Agos’un çıkma zamanıydı, yani Ermenilerin sesini yükseltme zamanıydı. Ermenilerin de, hangi Ermenilerin? “Ağam, paşamcılar”ın değil de, biraz daha sol tarafta bulunan yahut da sahipsiz Ermenilerin.
Agos ilk çıktığında Türkiye’nin siyasal, sosyal atmosferi nasıldı?
Bana göre, Türkiye’nin aslında böyle bir gazeteye ihtiyacı vardı, ama bu ihtiyaç hissedilmiyordu. Daha doğrusu, kimse böyle bir şeye cesaret etmiyordu. “Nasıl olsa yaşamaz” diye düşünülüyordu. Ama, sosyal şartlarda, ülkenin şartlarında yavaş yavaş bir ileriye gidiş vardı. Artık Agos’un çıkma zamanıydı, yani Ermenilerin sesini yükseltme zamanıydı. Ermenilerin de, hangi Ermenilerin? “Ağam, paşamcılar”ın değil de, biraz daha sol tarafta bulunan, yahut da sahipsiz, “taşralı” dediğimiz, biraz küçümsediğimiz Ermenilerin. Bizde bir “taşralı” deyimi vardır.

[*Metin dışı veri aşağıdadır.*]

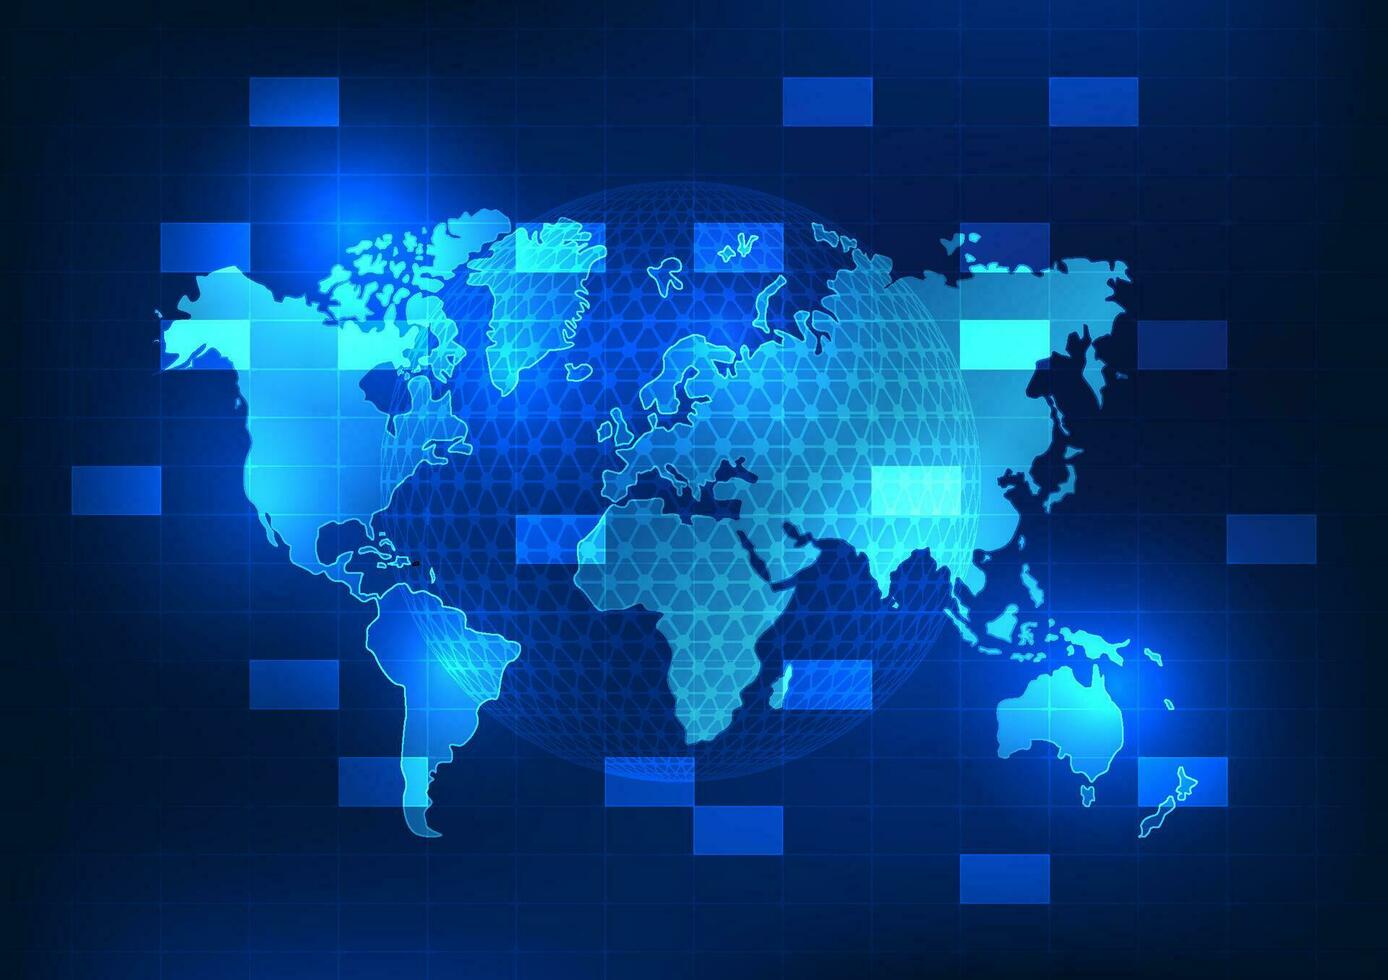 wereld kaart technologie shows de technologie dat is beschikbaar in de omgeving van de wereld naar ontwikkelen leven conditie, economie, en communicatie. vinden informatie in de omgeving van de wereld vector

“Taşralı”yı ne mânâda kullanırsınız?
Anadolulu. Aslında hepimizin kökeni Anadolu’dur. İstanbul Ermenilerinin yerleşiminin tarihi bilinir, ama Anadolu’nunki hâlâ bilinmiyor! İstanbul’un bellidir, Fatih Sultan Mehmet İstanbul’da altı odaları kurduğunda, Karaman’dan, Kırım’dan, Sivas’tan, Bursa’dan, Edirne’den, öteden beriden Ermenileri getirerek burada alternatif bir Hıristiyan toplum oluşturdu. Gerçi o zaman, zaten bir kısım Ermeni vardı İstanbul’da ama, azdılar. Bizans zamanında bile Ermeniler vardı, hatta Bizans imparatoru bile oldu Ermenilerden bazıları. Hamallık yapmak için Muş’tan gelen bir Ermeni Bizans tahtına oturdu tesadüfen. İnanmayacaksın ama, öyledir, Ermeni edebiyatına da girmiştir. Bir Ermeni yazarı, bir hikâyesinde, Katolik bir Ermeni genci konuşturur, o genç Muş’ta bir kadınla sohbet ederken “çocuklarının babası nerede?” diye sorar. Kadın “İstanbul’a gitti, hamallık yapar” der. Eskiden, Muş’tan İstanbul’a gelen Ermeni erkekleri, hamallık yaparlardı. Kadın “hamallık yapar” dediğinde, genç “Vay sana Muş bu hale mi düşecektin, eskiden senin insanların İstanbul’a giderdi imparator olmak için, şimdi hamal olmaya gidiyor” der. Bu doğrudur, Bizans tarihini karıştıranlar bilirler, bir-iki Ermeni imparator var yani.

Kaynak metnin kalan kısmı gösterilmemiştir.